With the foundation in place (external service, mailer plugin, authenticated domain, verified delivery), four directions are worth knowing about even if most sites never need them.

Logging. A site that wants to know whether a specific email actually left WordPress needs a log. WP Mail SMTP gates this behind Pro. FluentSMTP and Post SMTP include logging in their free tiers. Standalone options include Check & Log Email and Log Emails, both of which hook wp_mail() and record every send regardless of which mailer plugin (if any) is configured.

Queueing. Every wp_mail() call blocks the PHP process until the SMTP handshake completes. On a WooCommerce site with high order volume, that per-order latency adds up. WordPress email queues covers when async sending matters and the plugins that address it.

Webhooks. External relays expose delivery events (bounces, complaints, deliveries) via webhooks that can connect back into WordPress for logging, retry logic, or list hygiene. Email service webhooks and WordPress covers the integration patterns and the verification step that prevents spoofed webhook calls.

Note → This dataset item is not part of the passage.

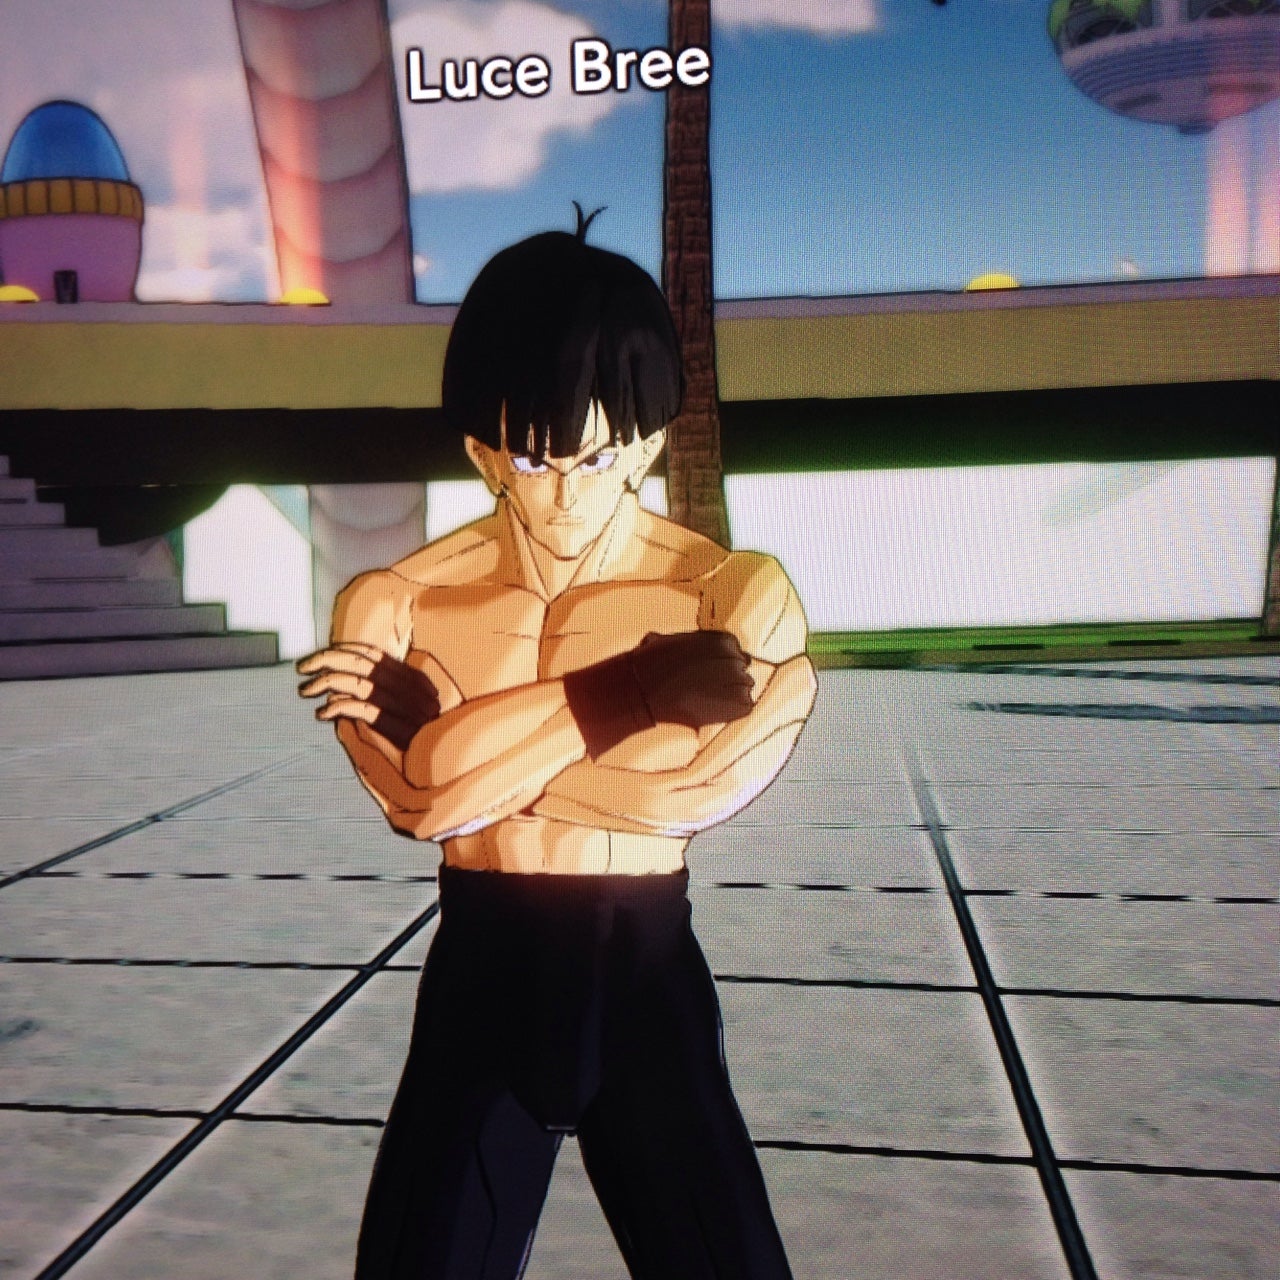 Players Are Making The Best Dragon Ball Xenoverse Characters

The full WordPress email surface. WordPress core sends transactional email from four locations; WooCommerce adds a larger set; every plugin in the ecosystem can add more. Every email WordPress sends (and how to control each one) catalogues the hooks and filters that override sender, subject, and body per email type. For the WooCommerce subset specifically, see WooCommerce transactional email.


Reference links

Provider details (free-tier allowances, port-blocking policies, sending limits) and the Microsoft 365 SMTP AUTH timeline verified June 2026.